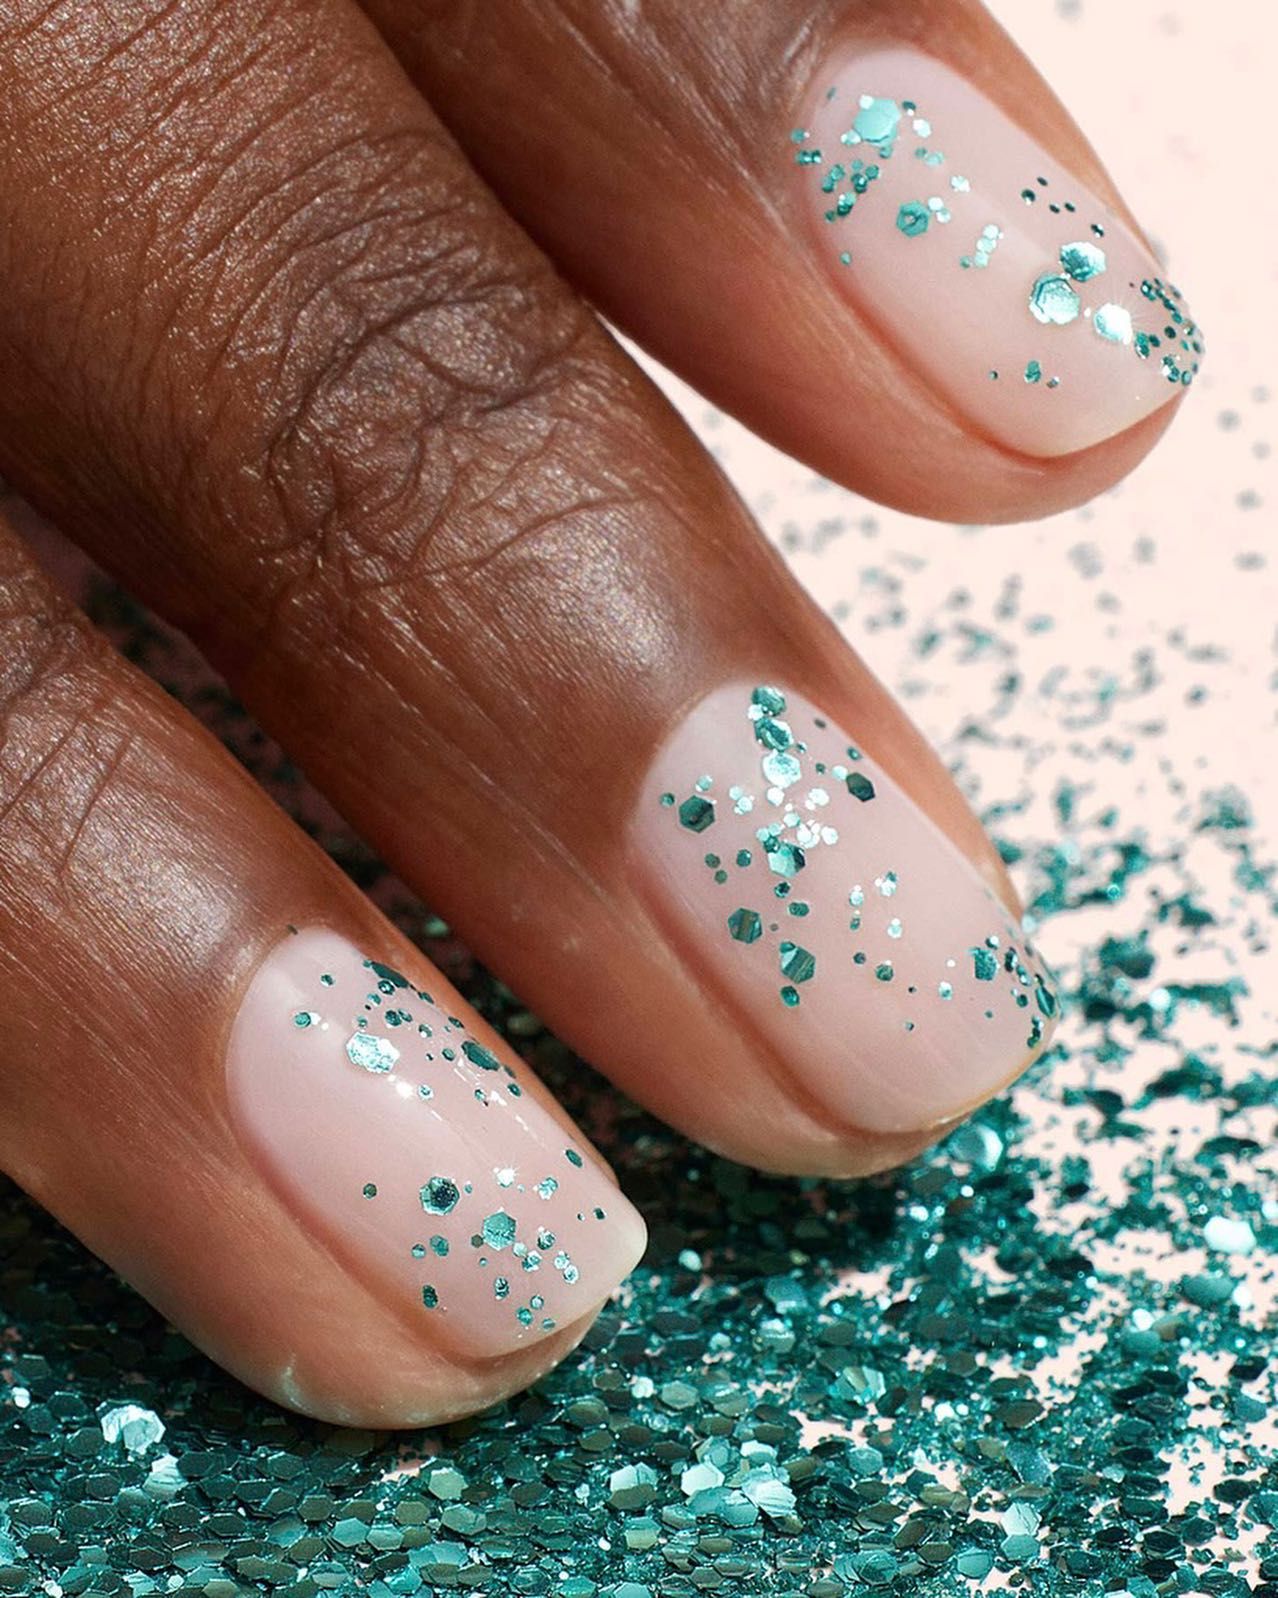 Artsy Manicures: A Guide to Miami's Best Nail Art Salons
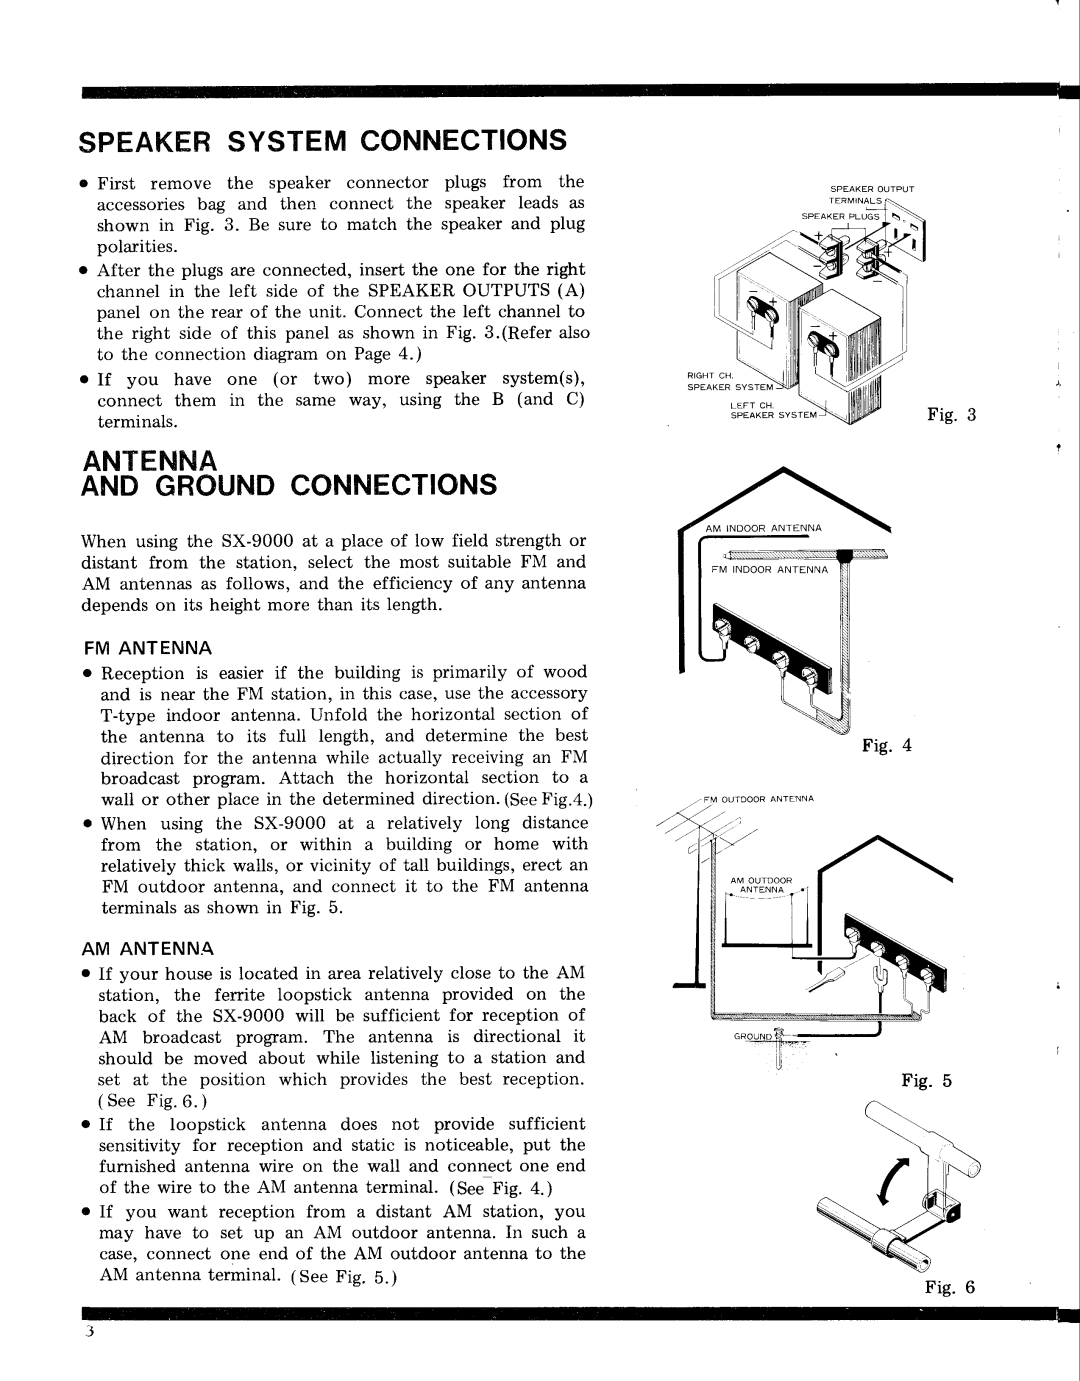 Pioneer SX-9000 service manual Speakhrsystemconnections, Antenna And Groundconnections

==

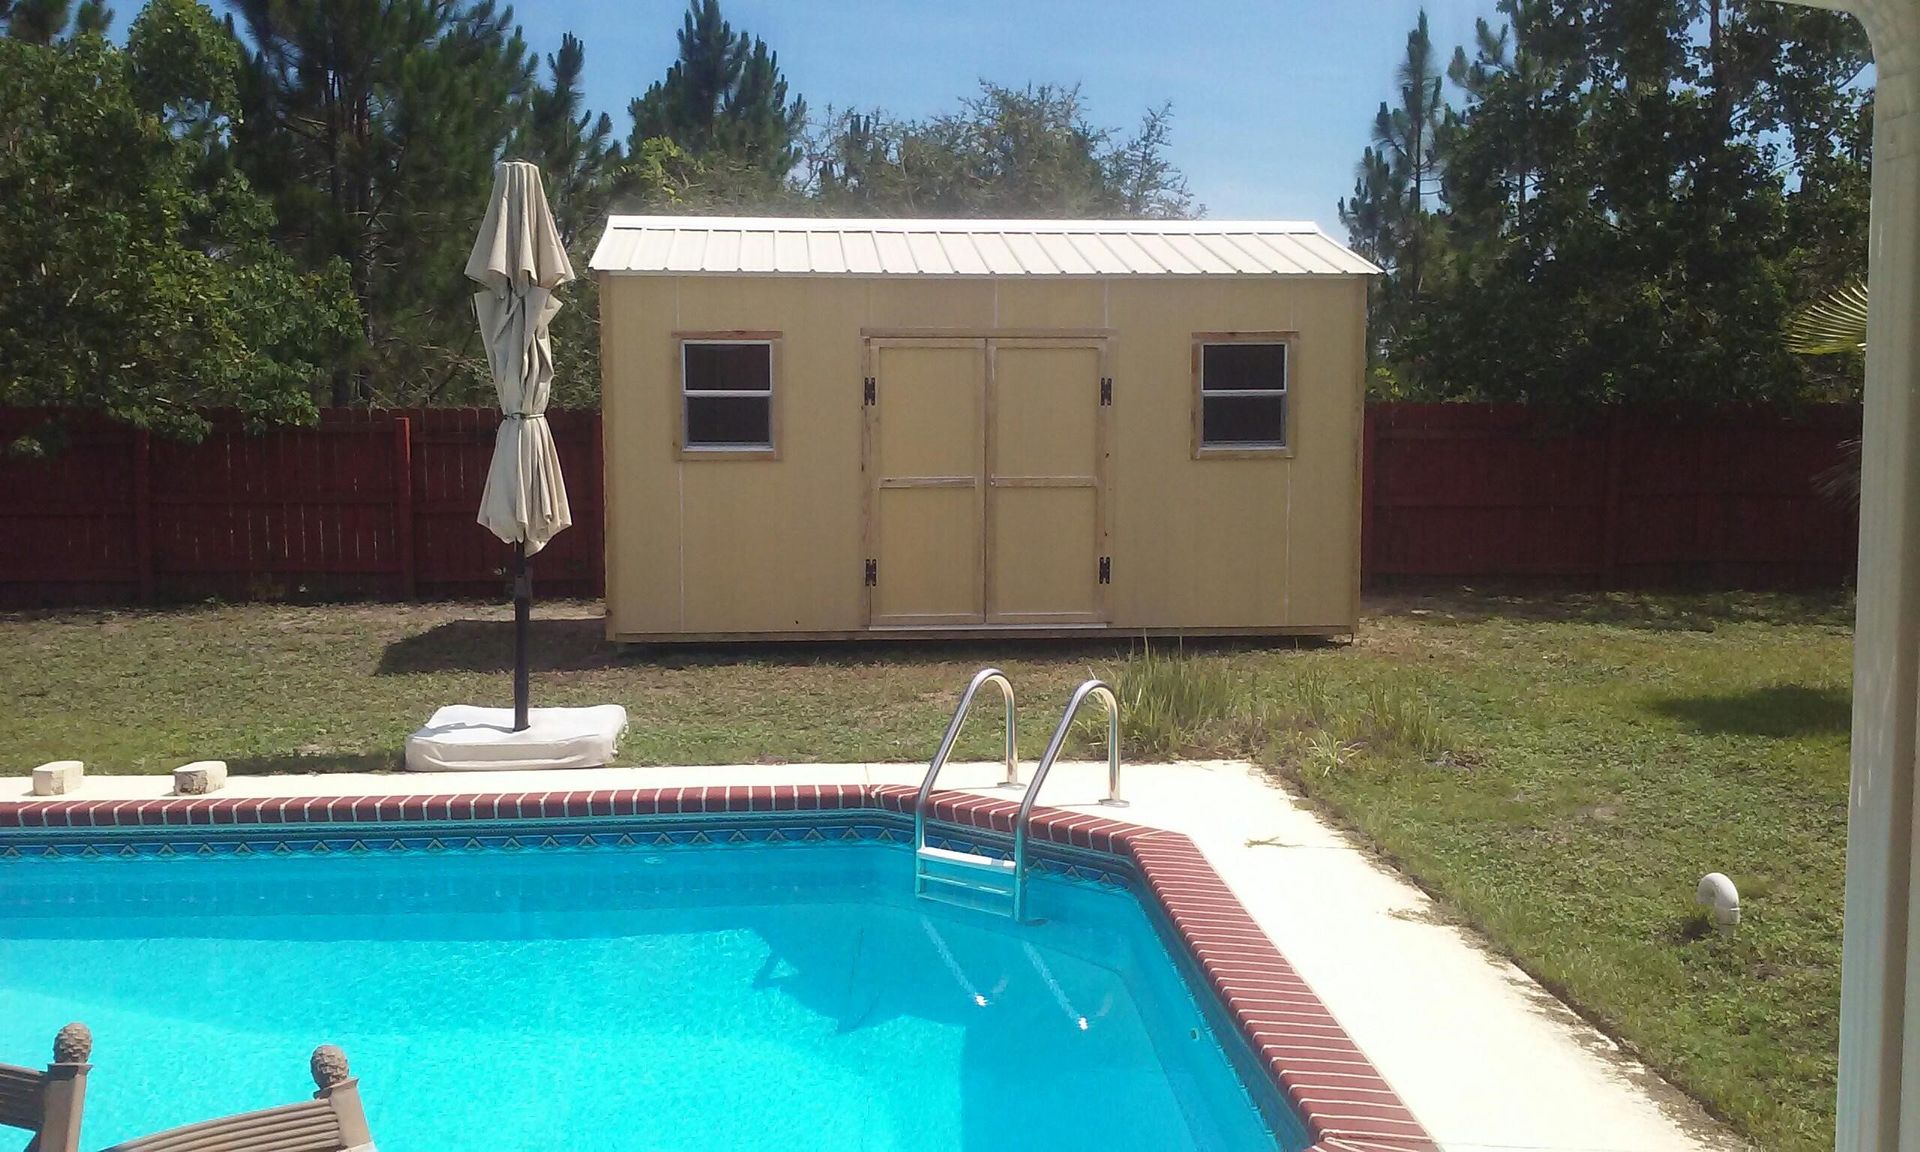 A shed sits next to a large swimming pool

Assigned task:
From the records above, copy exactly the lines starting at the one with "Artsy Manicures: A" and ending at the one with "Pioneer SX-9000 service", and no others. Pictures stay out.

Exercise solution:
 Artsy Manicures: A Guide to Miami's Best Nail Art Salons
 Pioneer SX-9000 service manual Speakhrsystemconnections, Antenna And Groundconnections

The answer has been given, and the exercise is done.